Chapter 15: Leaders and the Rank and File, Pg. 248

That the manufacture of consent is capable of great refinements no one, I think, denies. The process by which public opinions arise is certainly no less intricate than it has appeared in these pages, and the opportunities for manipulation open to anyone who understands the process are plain enough. . . . [a]s a result of psychological research, coupled with the modern means of communication, the practice of democracy has turned a corner. A revolution is taking place, infinitely more significant than any shifting of economic power…. Under the impact of propaganda, not necessarily in the sinister meaning of the word alone, the old constants of our thinking have become variables. It is no longer possible, for example, to believe in the original dogma of democracy; that the knowledge needed for the management of human affairs comes up spontaneously from the human heart. Where we act on that theory we expose ourselves to self-deception, and to forms of persuasion that we cannot verify. It has been demonstrated that we cannot rely upon intuition, conscience, or the accidents of casual opinion if we are to deal with the world beyond our reach.

Lippmann’s theory of democracy divides citizens into two groups: The “bewildered public” and the “responsible men”. Notice how these terms are a use of propaganda itself. These are the ruling elites vs the lower classes. Our founding fathers would recognized and relate to these terms immediately.

In The Phantom Public, published in 1925, Lippmann writes:

Chapter 2: The Unattainable Ideal:

If the voter cannot grasp the details of the problems of the day because he has not the time, the interest or the knowledge, he will not have a better public opinion because he is asked to express his opinion more often. He will simply be more bewildered, more bored and more ready to follow along.

Chapter 13: The Principles of Public Opinion:

Democracy, therefore, has never developed an education for the public. It has merely given it a smattering of the kind of knowledge which the responsible man requires. It has, in fact, aimed not at making good citizens but at making a mass of amateur executives. It has not taught the child how to act as a member of the public. It has merely given him a hasty, incomplete taste of what he might have to know if he meddled in everything. The result is a bewildered public and a mass of insufficiently trained officials. The responsible men have obtained their training not from the courses in “civics” but in the law schools and law offices and in business. The public at large, which includes everybody outside the field of his own responsible knowledge, has no coherent political training of any kind.

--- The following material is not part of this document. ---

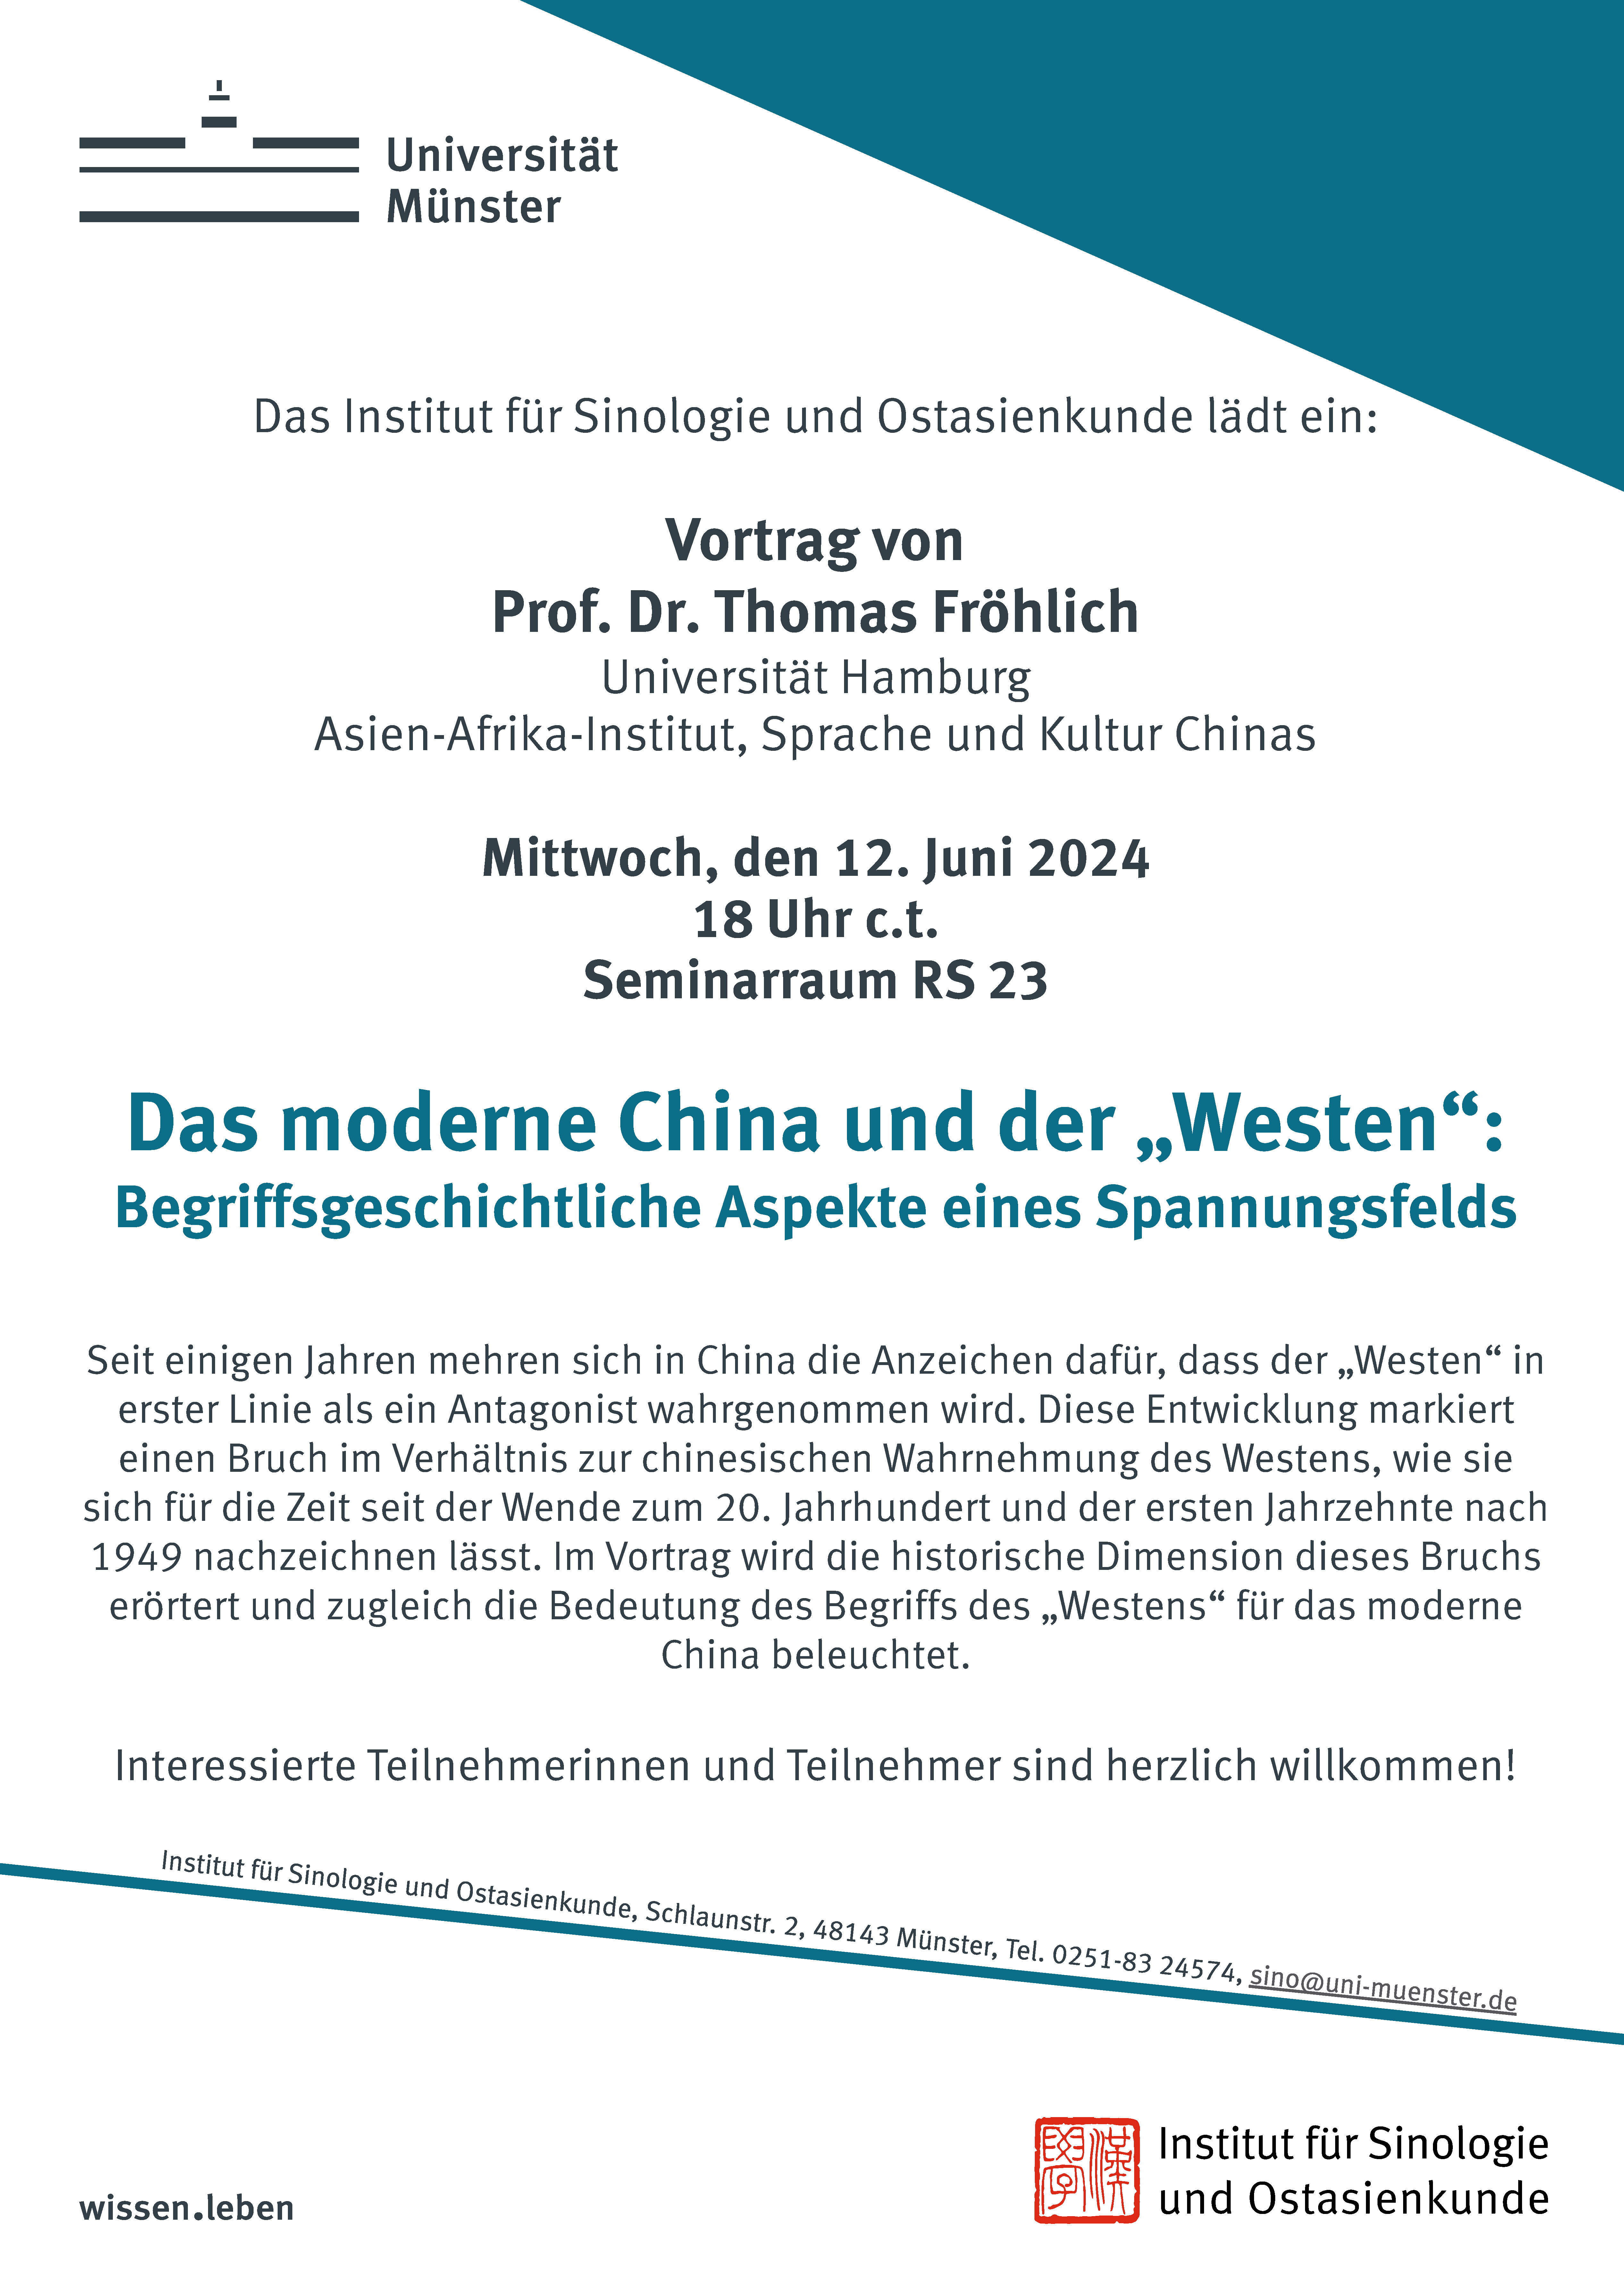 Vortragsplakat Prof. Dr. Thomas Fröhlich, 12. Juni 2024
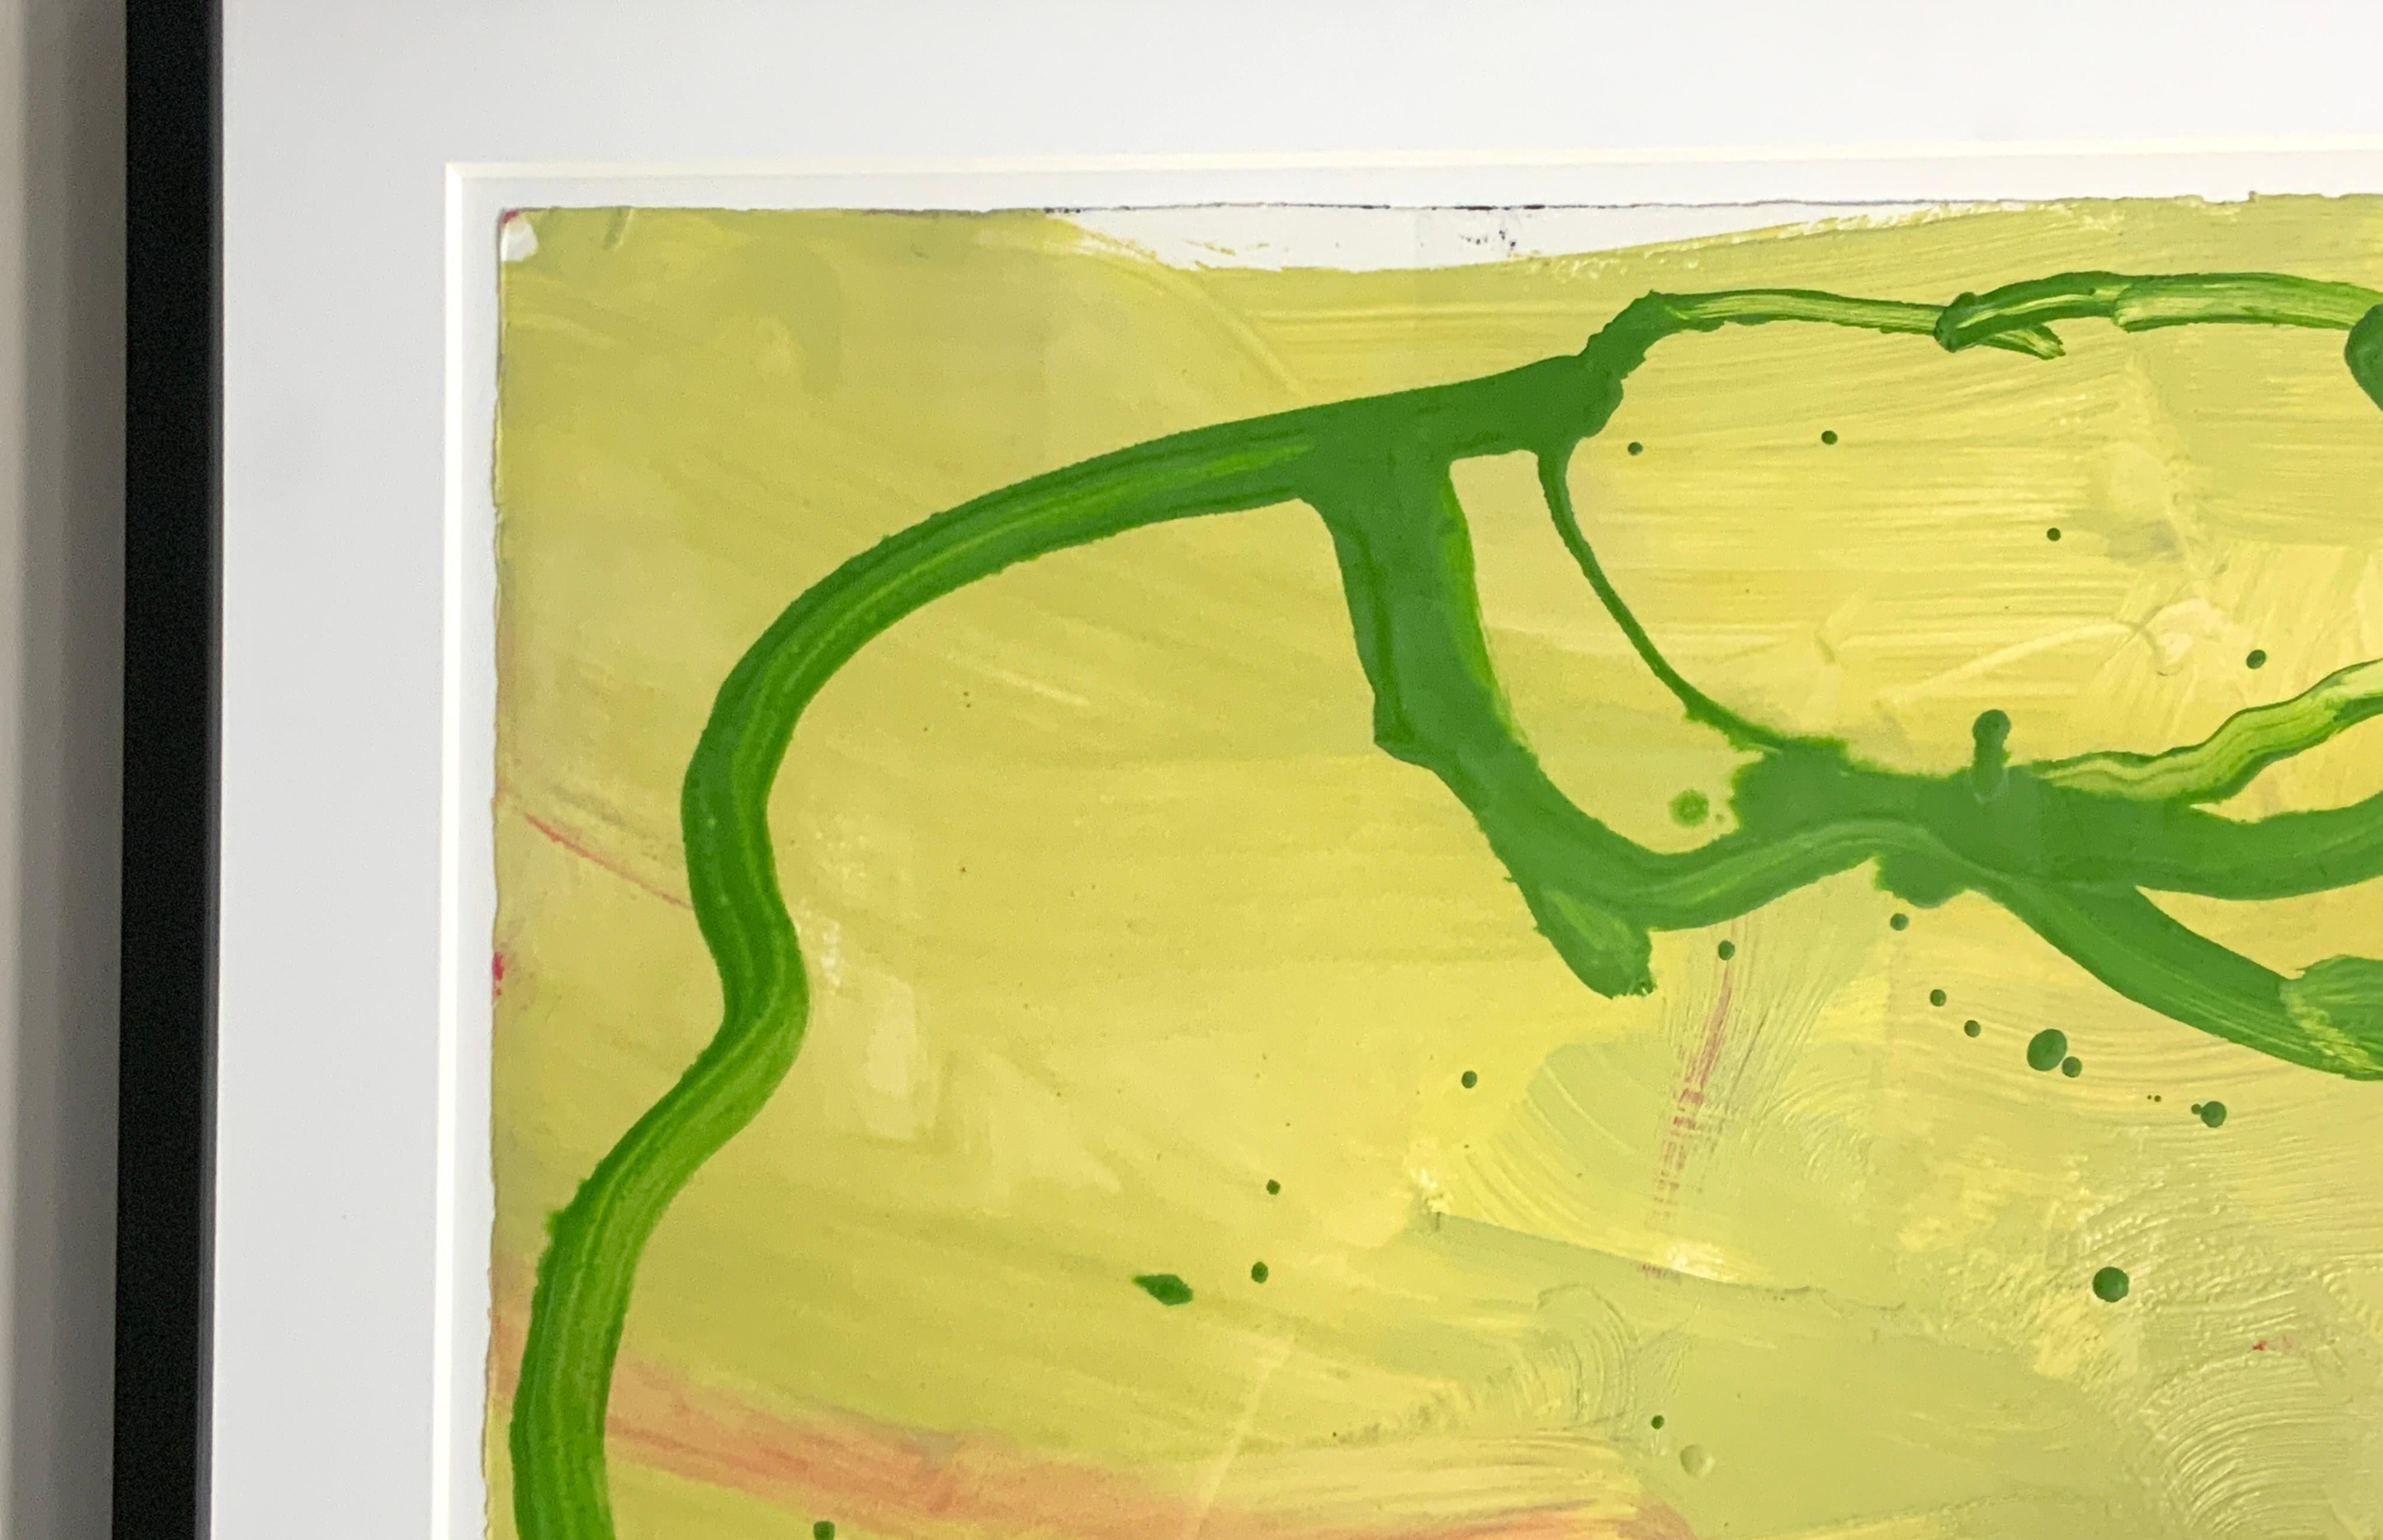 Postmoderne Gary Komarin Untitled Green Vessel on Yellow Green, acrylique sur papier, 2000 en vente

These critics have seen that the important decisions were taken by individuals, and that public opinion was uninformed, irrelevant and meddlesome. They have usually concluded that there was a congenital difference between the masterful few and the ignorant many.

The fundamental difference which matters is that between insiders and outsiders. Their relations to a problem are radically different. Only the insider can make decisions, not because he is inherently a better man but because he is so placed that he can understand and act. The outsider is necessarily ignorant, usually irrelevant and often meddlesome, because he is trying to navigate the ship from dry land.

A personal favorite of mine comes from Chapter 14 which is aptly titled: Society in its Place:

A false ideal of democracy can lead only to disillusionment and to meddlesome tyranny.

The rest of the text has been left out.